2.1 Configuration parameters repository

The first service provided by DHCP is to provide persistent storage of network parameters for network clients. The model of DHCP persistent storage is that the DHCP service stores a key-value entry for each client, where the key is some unique identifier (for example, an IP subnet number and a unique identifier within the subnet) and the value contains the configuration parameters for the client.
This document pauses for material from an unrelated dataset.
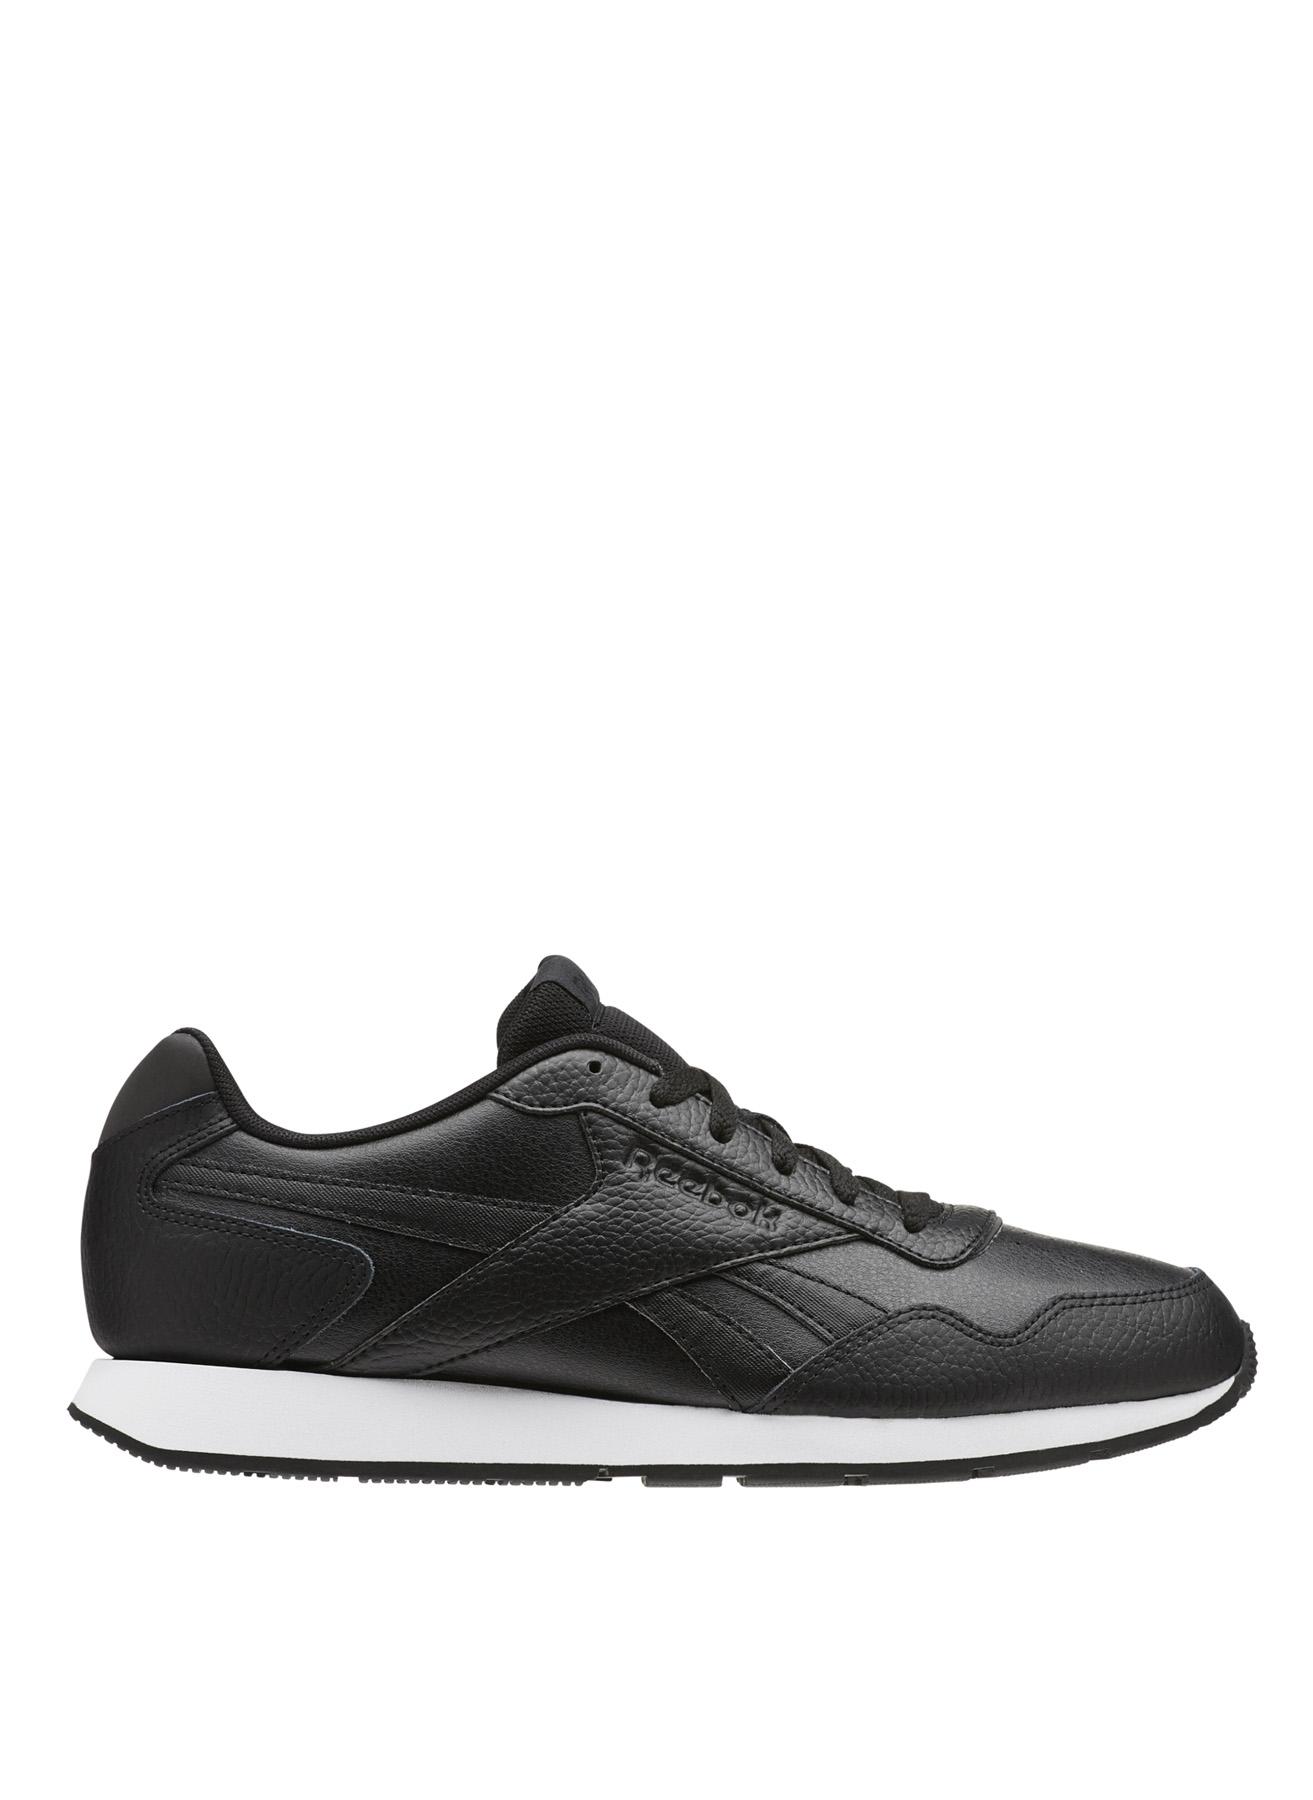 Reebok Royal Glide Lifestyle Ayakkabı 40 5001633217002 Ürün Resmi
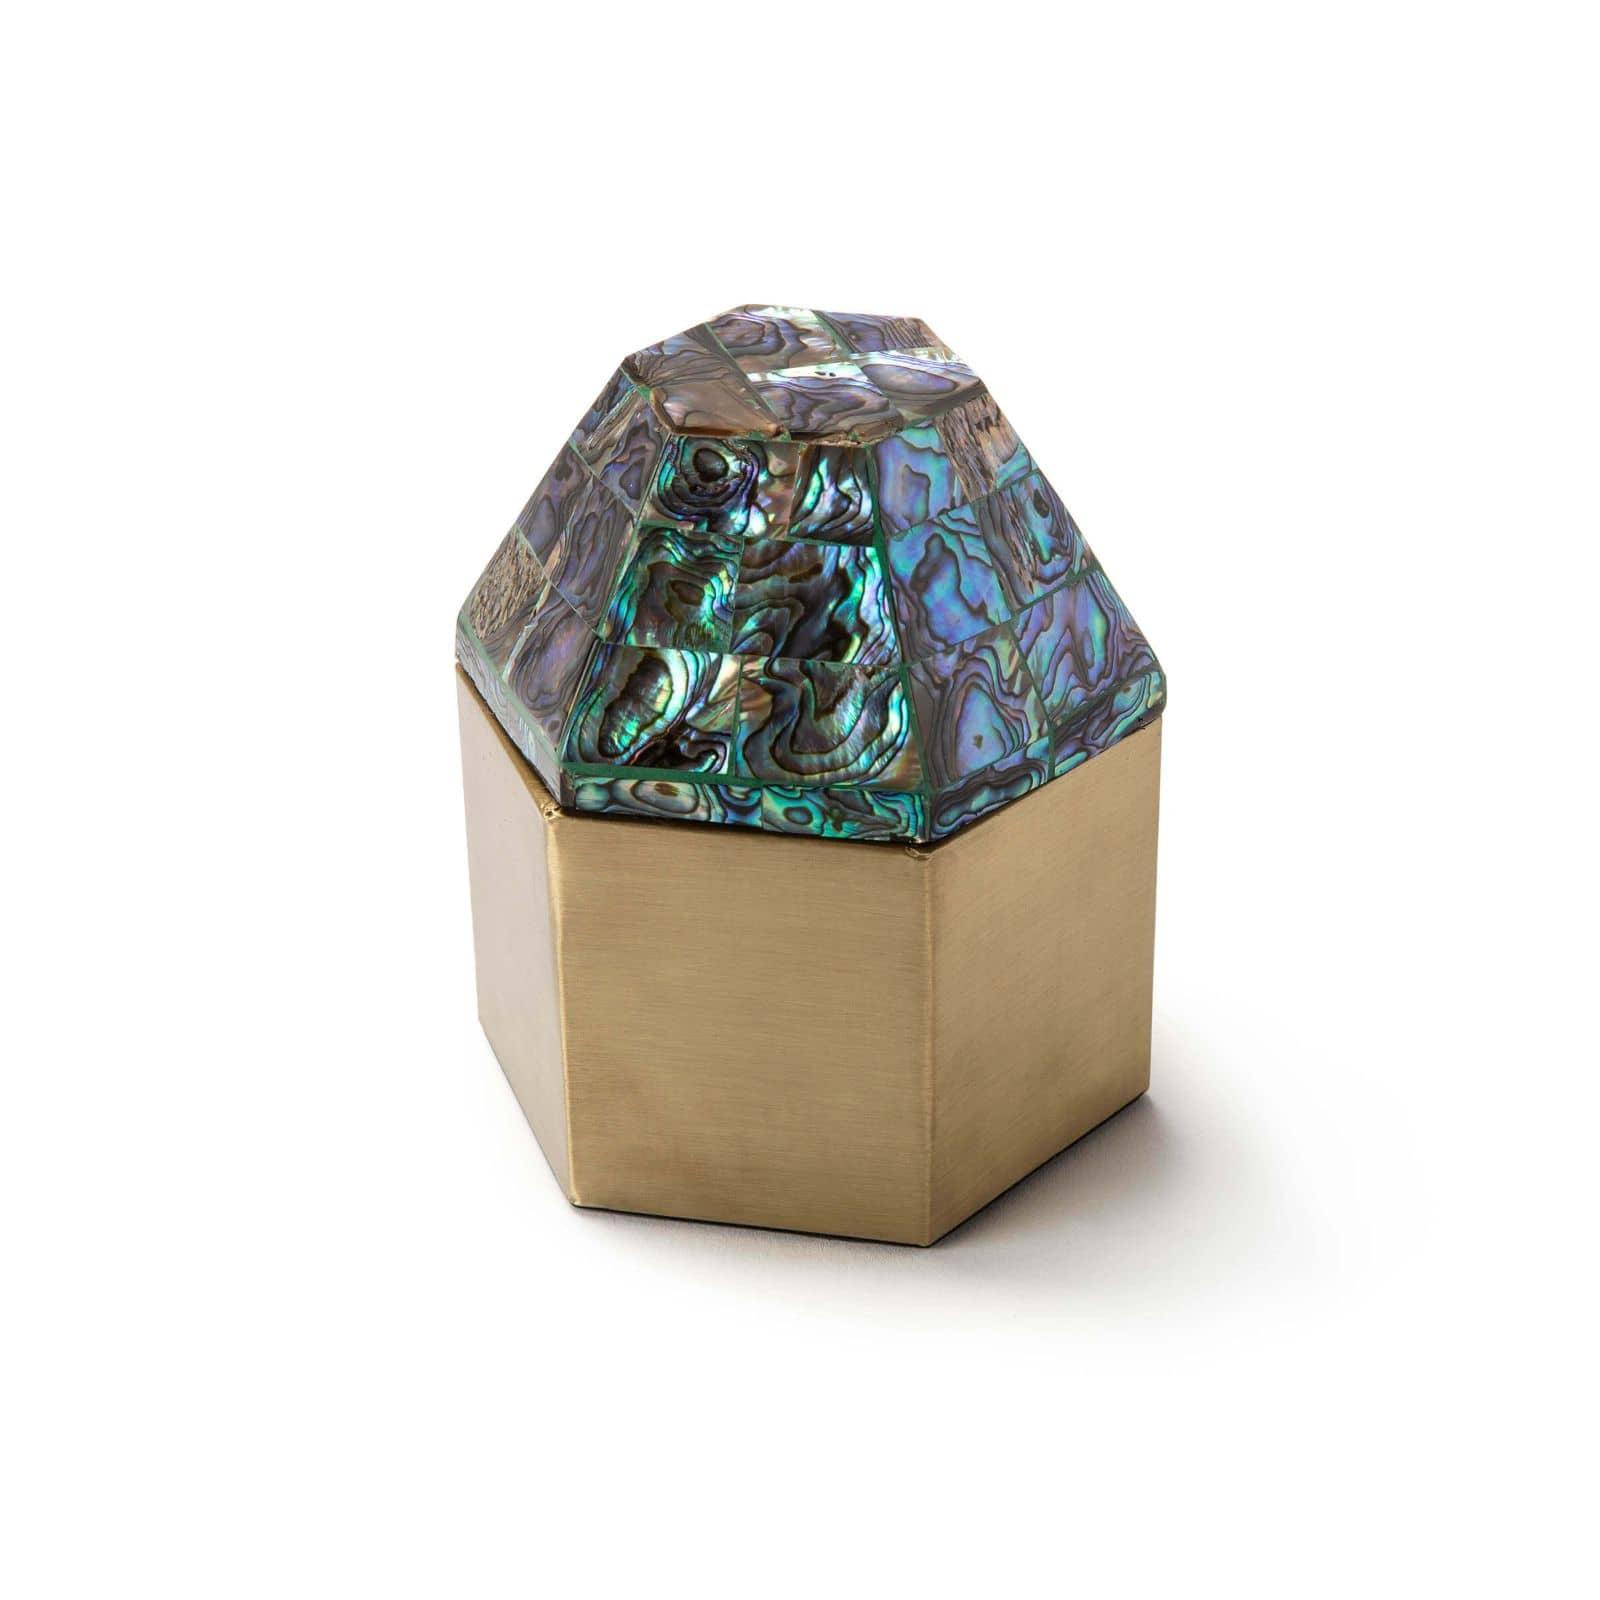 Alexis Hexagon Box Abalone | Regina Andrew

For example, the key might be the pair (IP-subnet-number, hardware- address) (note that the "hardware-address" should be typed by the type of hardware to accommodate possible duplication of hardware addresses resulting from bit-ordering problems in a mixed-media, bridged network) allowing for serial or concurrent reuse of a hardware address on different subnets, and for hardware addresses that may not be globally unique. Alternately, the key might be the pair (IP-subnet-number, hostname), allowing the server to assign parameters intelligently to a DHCP client that has been moved to a different subnet or has changed hardware addresses (perhaps because the network interface failed and was replaced). The protocol defines that the key will be (IP-subnet-number, hardware-address) unless the client explicitly supplies an identifier using the 'client identifier' option. A client can query the DHCP service to retrieve its configuration parameters. The client interface to the configuration parameters repository consists of protocol messages to request configuration parameters and responses from the server carrying the configuration parameters.